第221話:遠くからかけられない想いがある

 塩崎(ヒカル)は、眠れぬ夜を過ごしていた。残暑で、純粋に寝苦しいということもあったけれど、それ以上に、一人の女の子のことを考えてしまって、目が冴えてしまうということであった。夏休みに、たった一度会っただけの子である。しかも、なんらかドラマティックな出会いというわけでは全然無い。交通事故に遭いそうなところを助けたとか、チンピラにからまれているところを助けただとか、そんな劇的なものではなく、ただ単に家に来て、ちょっと話しただけの子だった。彼女のプロフィールはほとんど何も知らない。

 その日は、それで終わったのだけれど、それから日が経つにつれて、彼女の像が鮮明になってきた。もう一度会いたいと思えば、会うのは簡単である。なにせ、同じ学校の別のクラスというだけの話だ。自分のクラスから5分も歩かないうちに到着する。物理的には簡単な話であって、それで二の足を踏むというのは、心理的に難しいからかと言えば、そうなのだけれど、それは、輝側の事情ではない。どういうことかと言えば、彼女の側から、

「会いに来ないで」

 と釘を刺されているからである。会いに来るなと言われたら、それを無視して会いに行くわけにもいかない。無理に行けば、変質者になってしまう。あるいは、ストーカーと言うべきか。どちらにせよ、そんな不名誉な称号はごめん被りたい輝としては、どうすればよいのか、迷っているのだった。

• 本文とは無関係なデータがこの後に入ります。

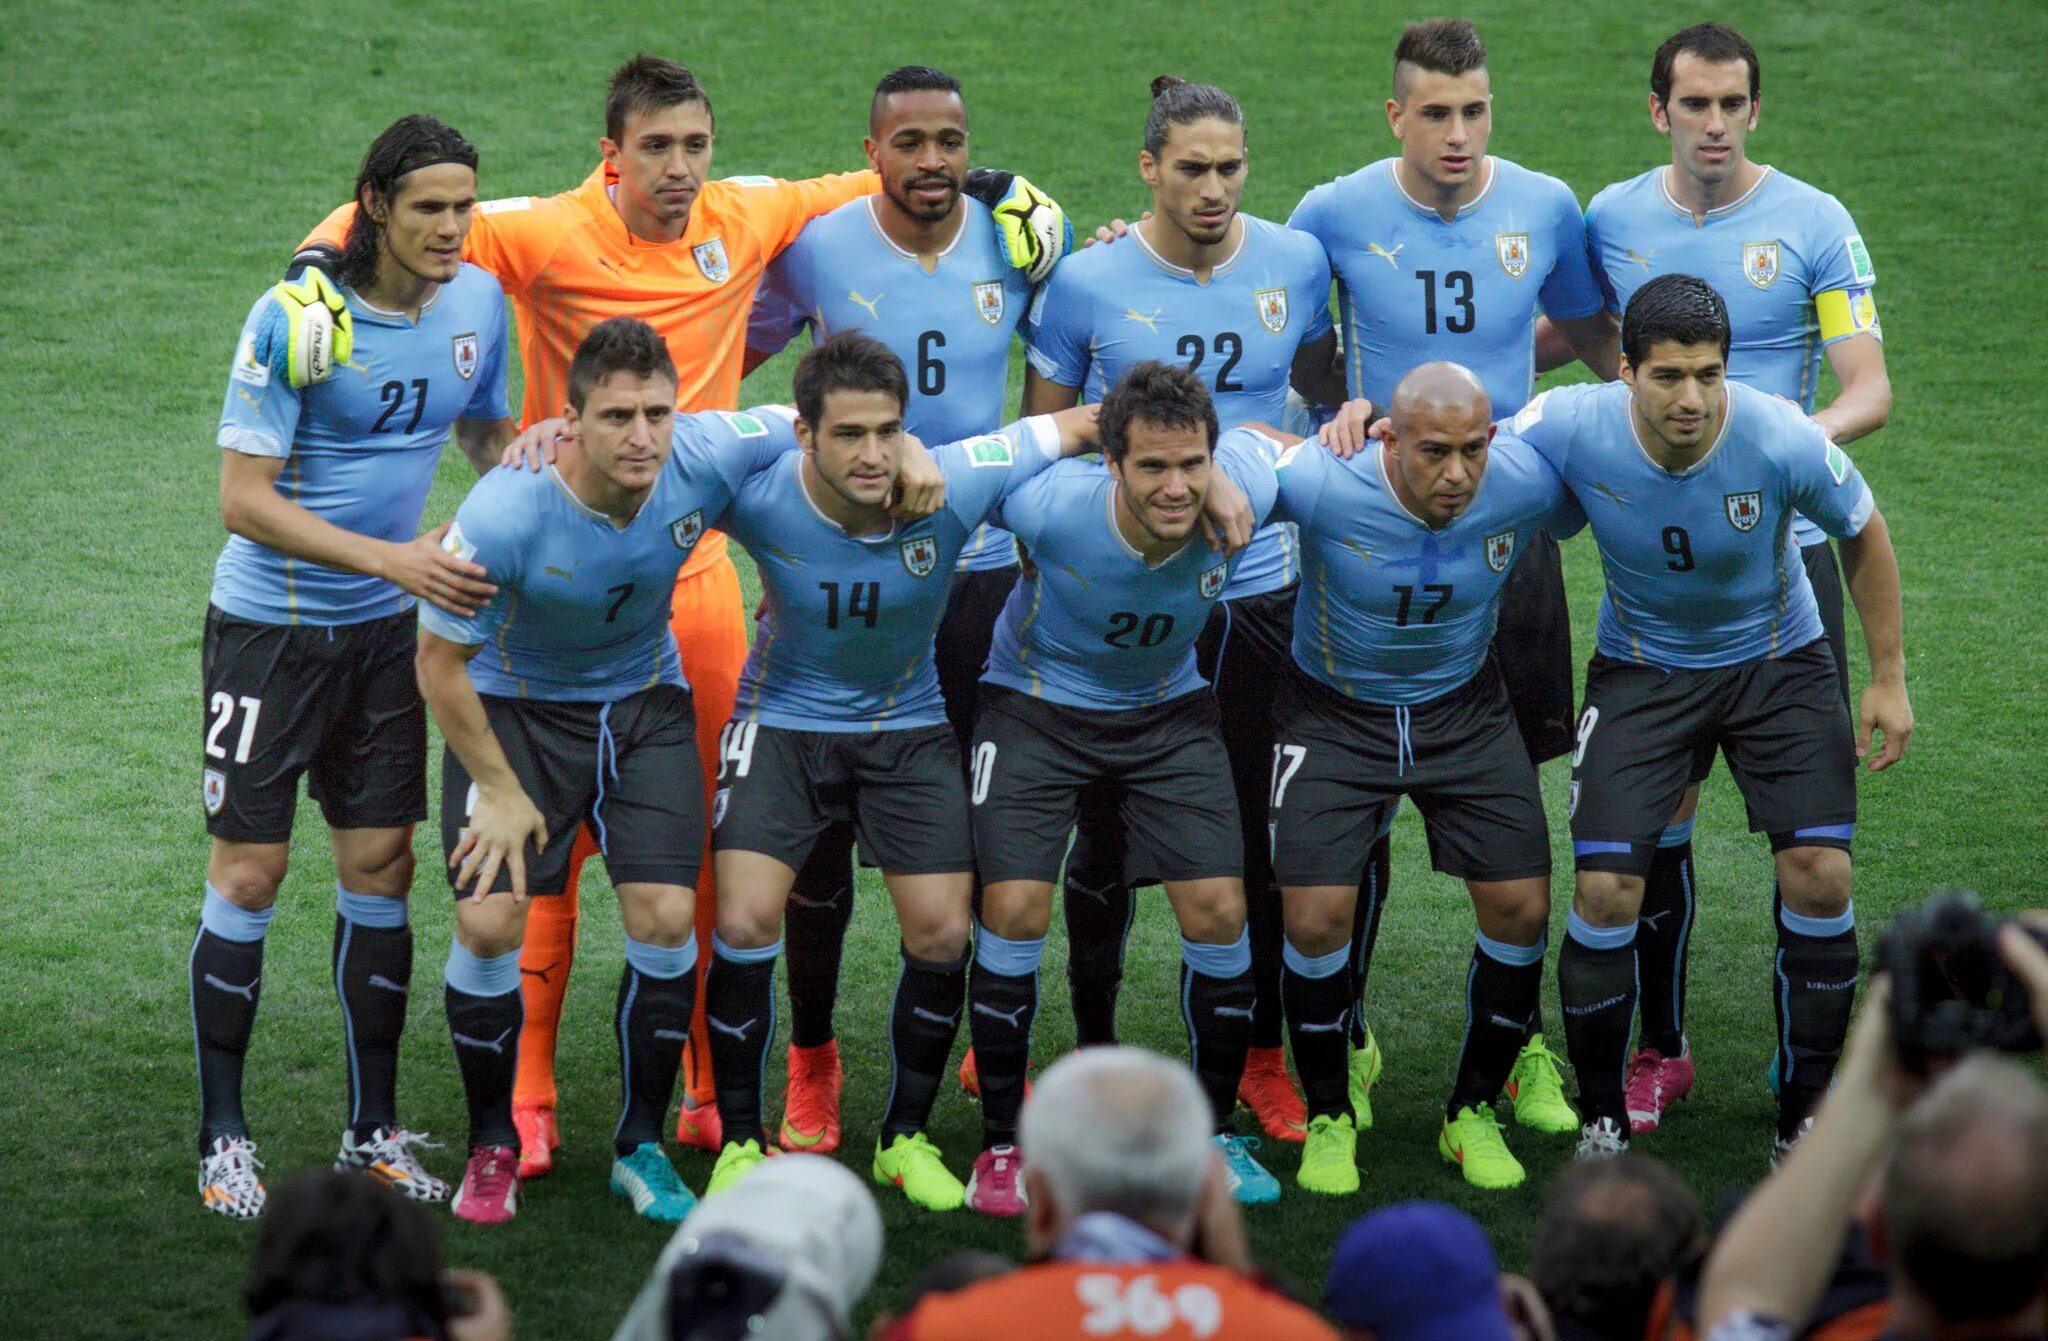 Uruguay National Team. Сборная Уругвая 2018. Сборная Уругвая по футболу 2017. Уругвай футбольная команда. Молодежная сборная уругвая по футболу

 これまで、輝は自分から女の子を好きになったことがない。いや、あると言えばあるけれど、それは、幼稚園時代までさかのぼるものであって、恋といった類のものではなかった。小学校と中学校のこれまでは、向こうから告白されたことはあっても、こちらから告白したことはなかった。された告白は全て断っていた。付き合っても、面白そうではなかったからである。それなら、男子同士でいた方が面白かった。実際、付き合っても、多分面白くなかっただろうと、今でもそう思う。しかし、今回の彼女に関しては違ったのだった。もっと彼女のことを知りたいと思っている自分がいる。それなのに、こちらから会いに行くこともできないとは。

――クラスの外から、ちょっと見るくらいならいいかな……。

 と思いもしたが、それでは、やはりストーカーである。

 そうして、悶々としている間に、9月が半ばを過ぎていった。

「お兄ちゃん、大丈夫?」

 小学生の妹にも心配される始末。

「恋の悩みだったら、わたしがいつでも聞いてあげるからね」

 そう言って、胸を張るようにする小4の妹に、微笑みかける力も弱い輝は、このままではダメだ、と思って、しかし、自分ではどうしようもないわけだから、友人の力を借りることにした。ある土曜日、相談があると言って呼び出した彼を、いつか一緒に入ったことがあるカフェに連れて行った。家だと、家人がいるので落ち着かない。

「恋の悩みなんだ」

 切り出すと、呼び出しに快く応じてくれた彼――加藤(レイ)は、なるほど、とうなずいた。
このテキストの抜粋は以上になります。